**DATA PROVIDED**
=== Section Start ===

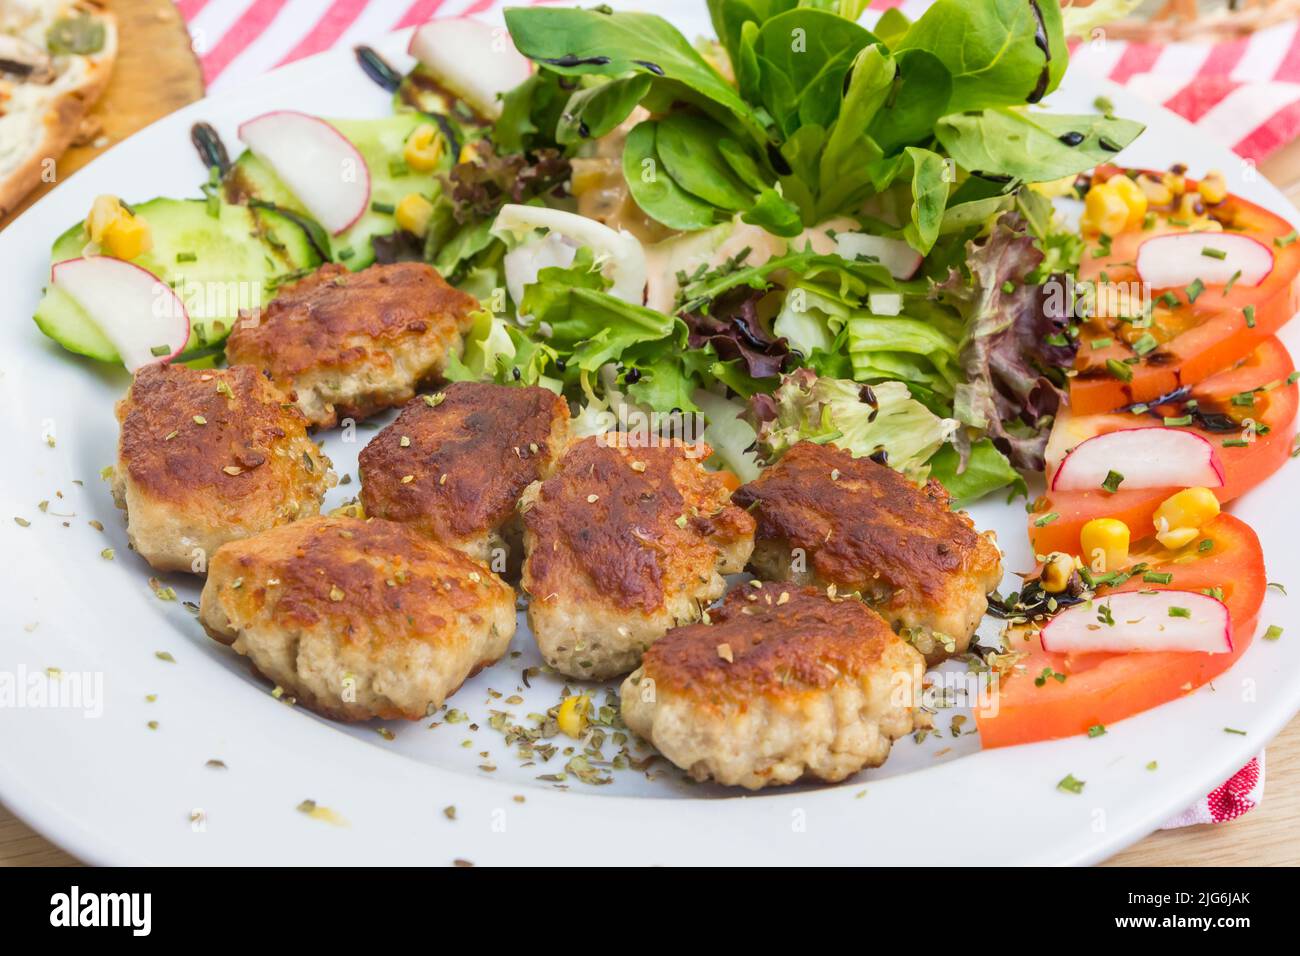 Traditional german small meatballs (frikadelle) served with salad and tomato on a white plate Stock Photo
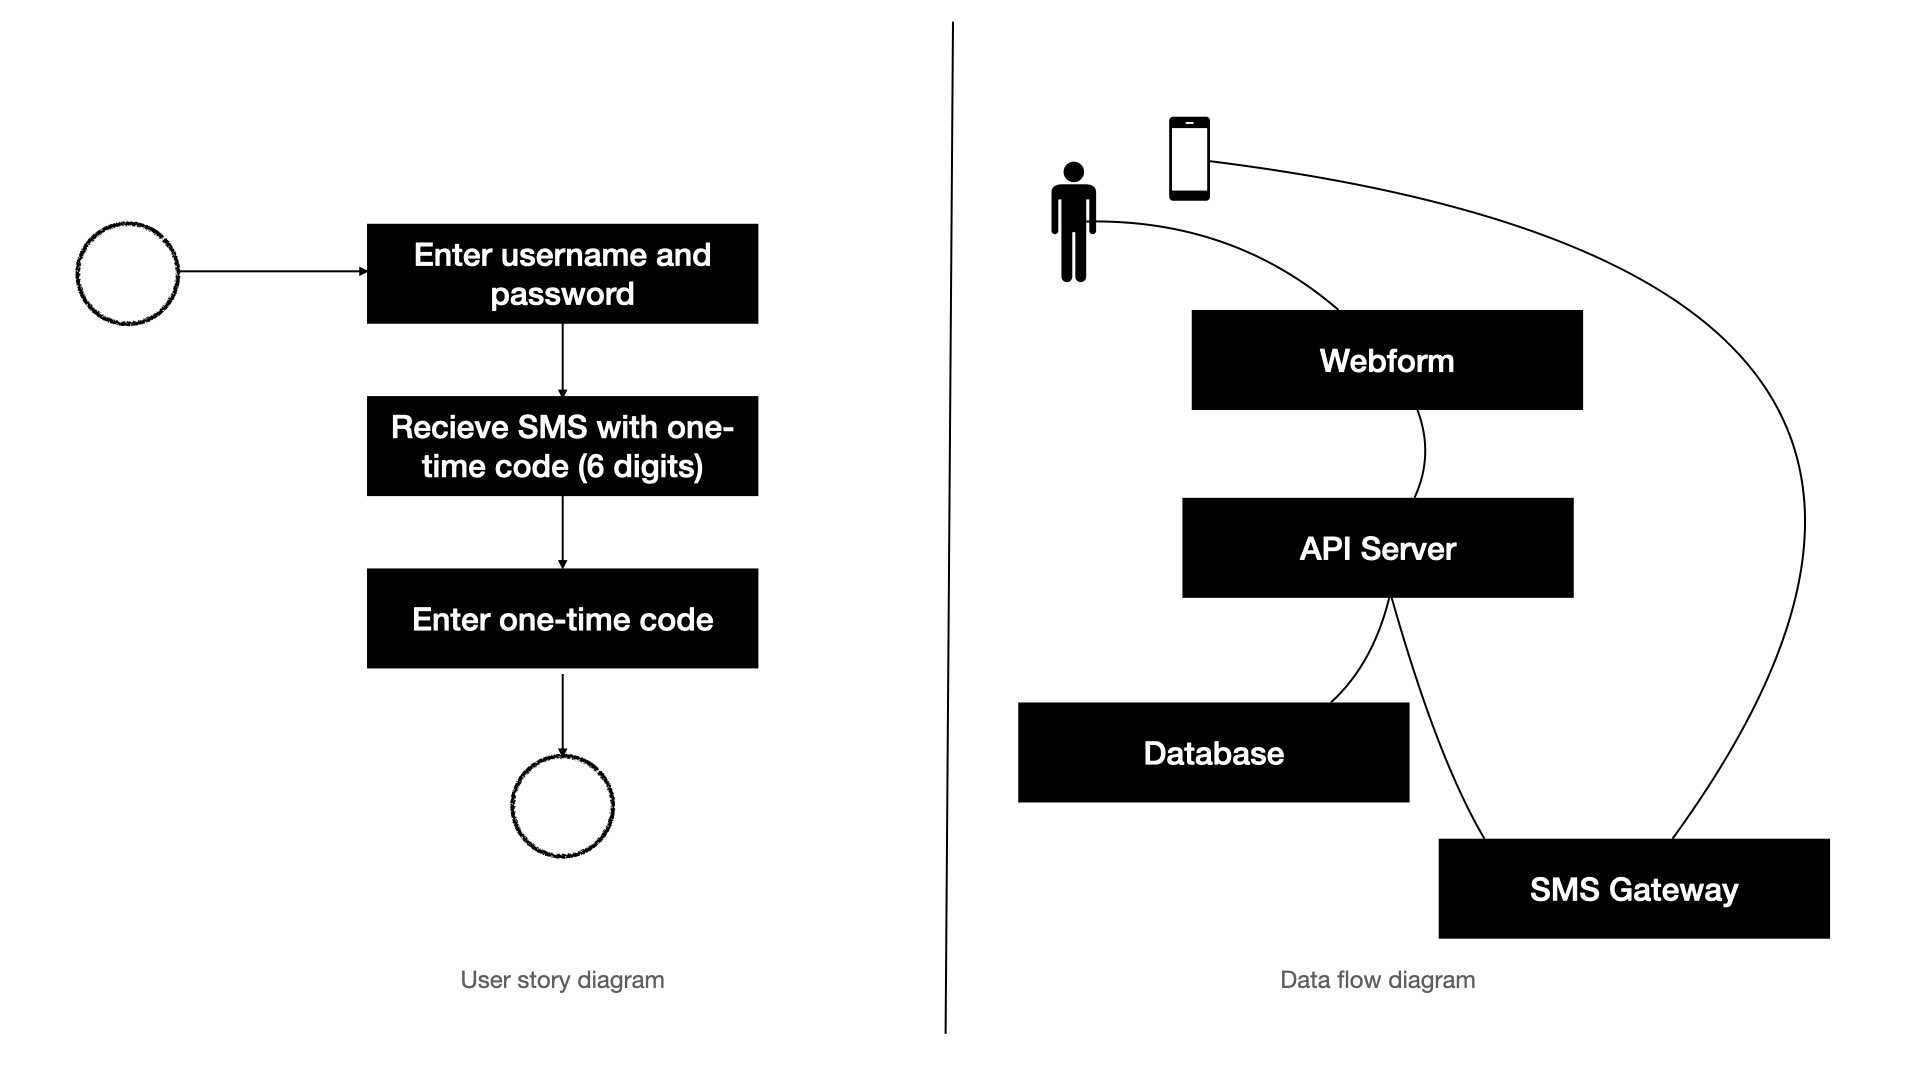 User story and data flow diagram
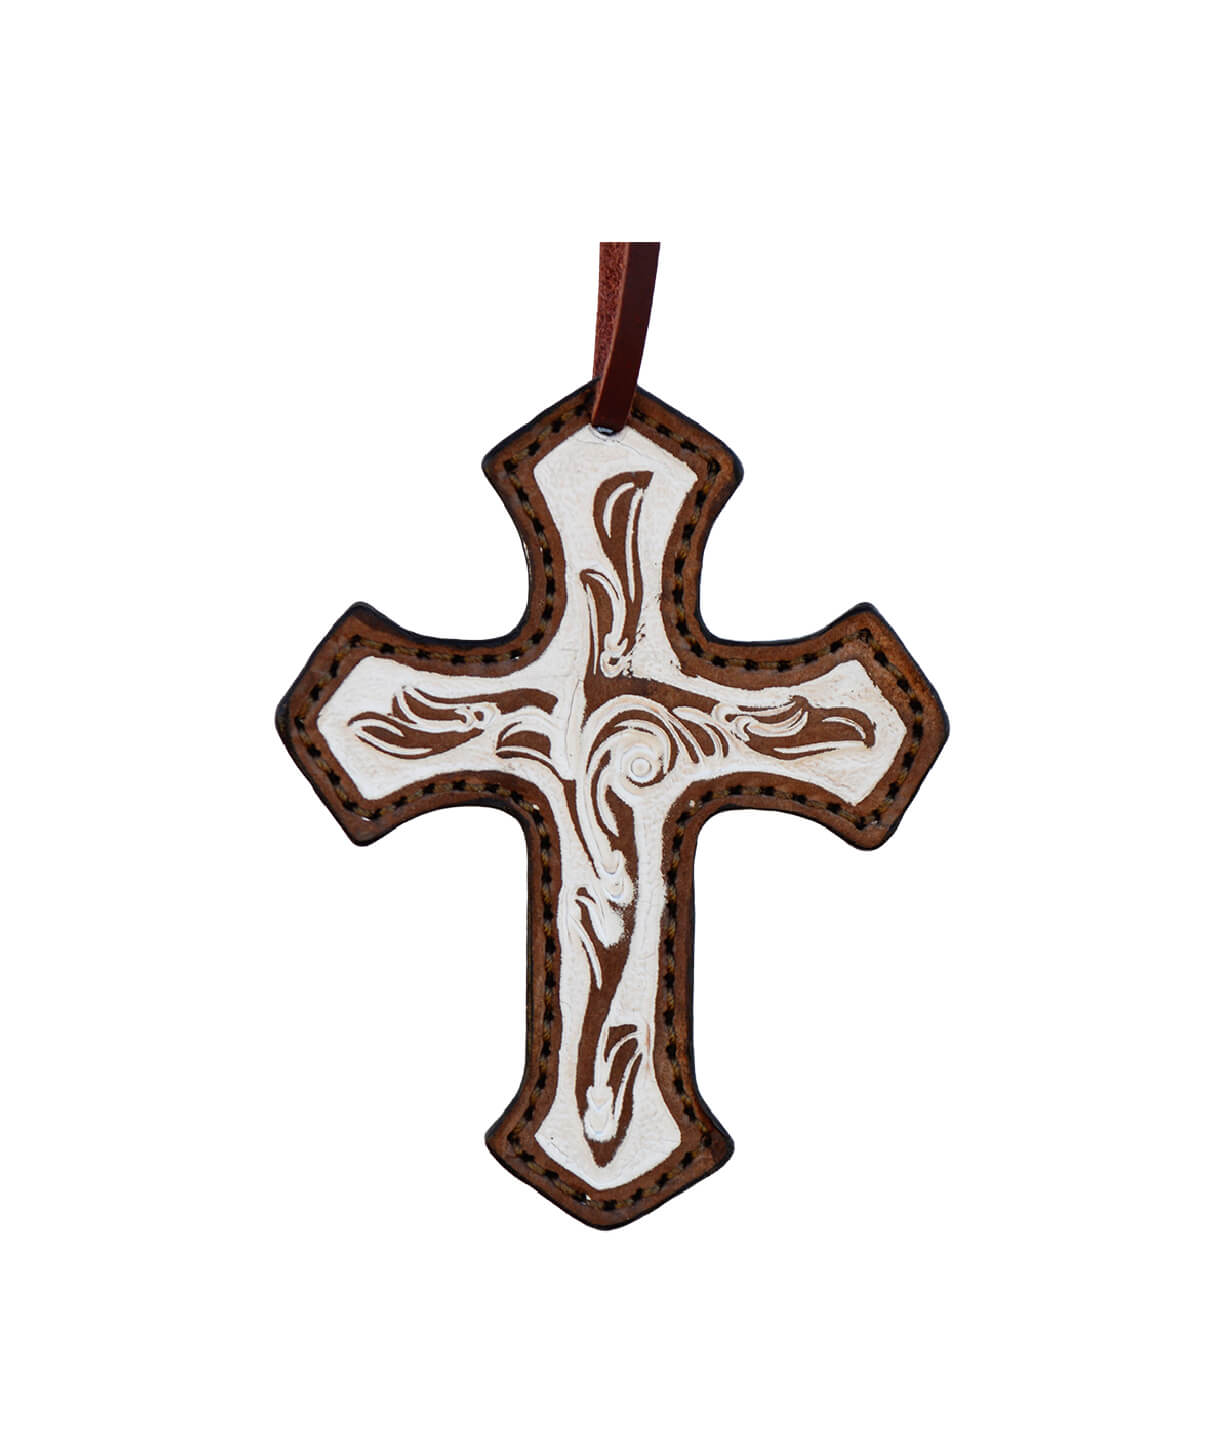 Cross rough out chocolate leather floral tooled with ivory rustic background paint.
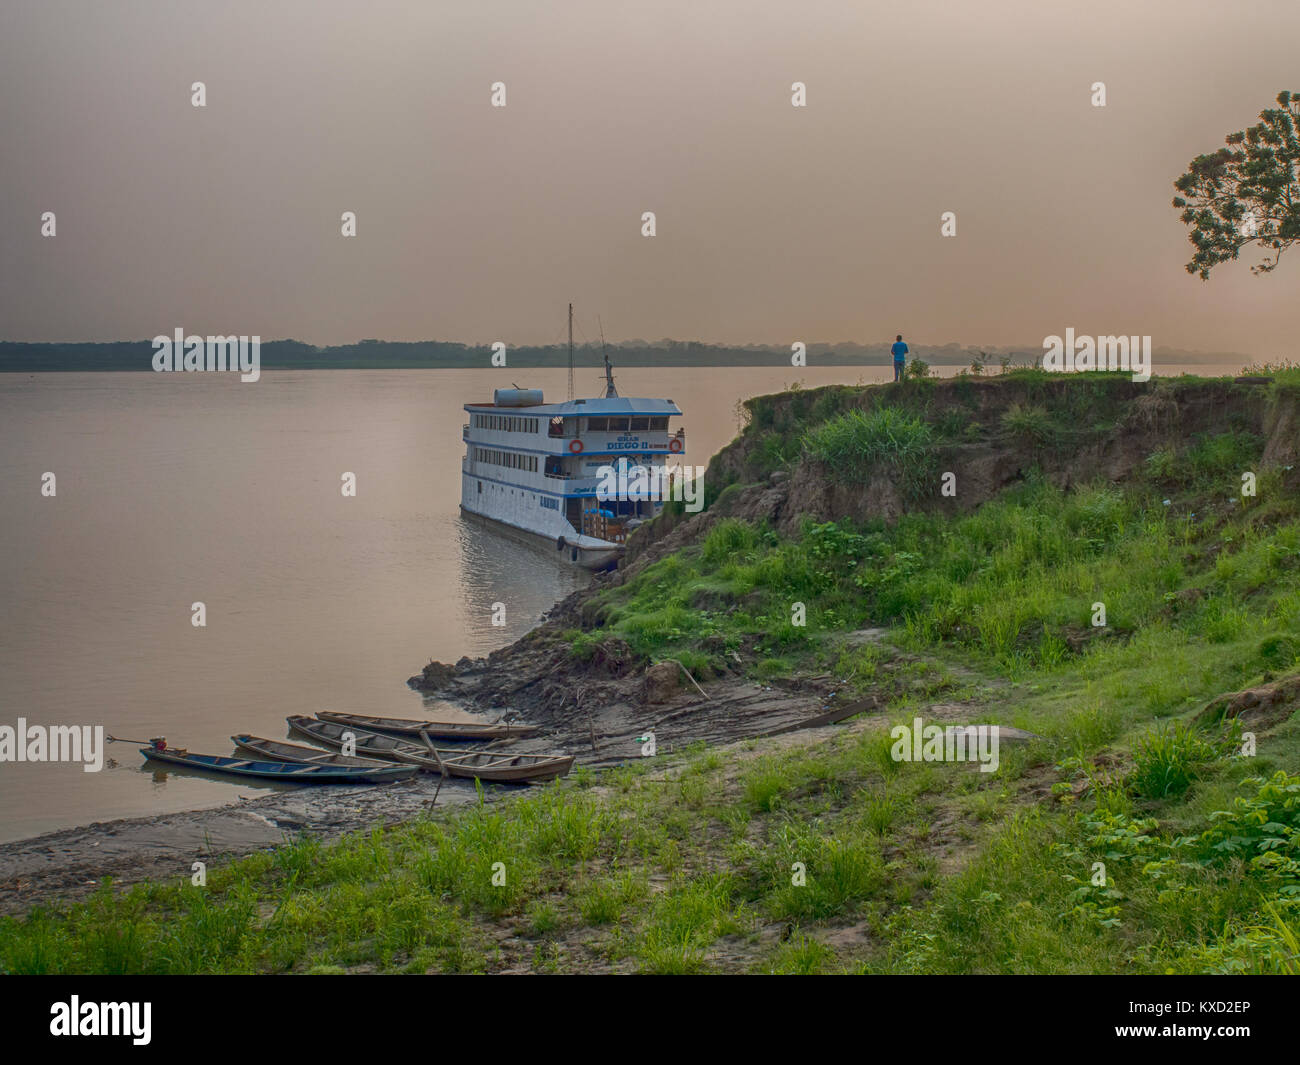 Caballococha, Peru - Sep 19, 2017: Cargo boat in the port on the Amazon river during the low water season Stock Photo

=== Section End ===

**PROBLEM REQUIREMENTS**
Would you please set down the data above again exactly, without its pictures?

**OUTPUT FOR THIS TASK**
 Traditional german small meatballs (frikadelle) served with salad and tomato on a white plate Stock Photo
 User story and data flow diagram
 Cross rough out chocolate leather floral tooled with ivory rustic background paint.
 Caballococha, Peru - Sep 19, 2017: Cargo boat in the port on the Amazon river during the low water season Stock Photo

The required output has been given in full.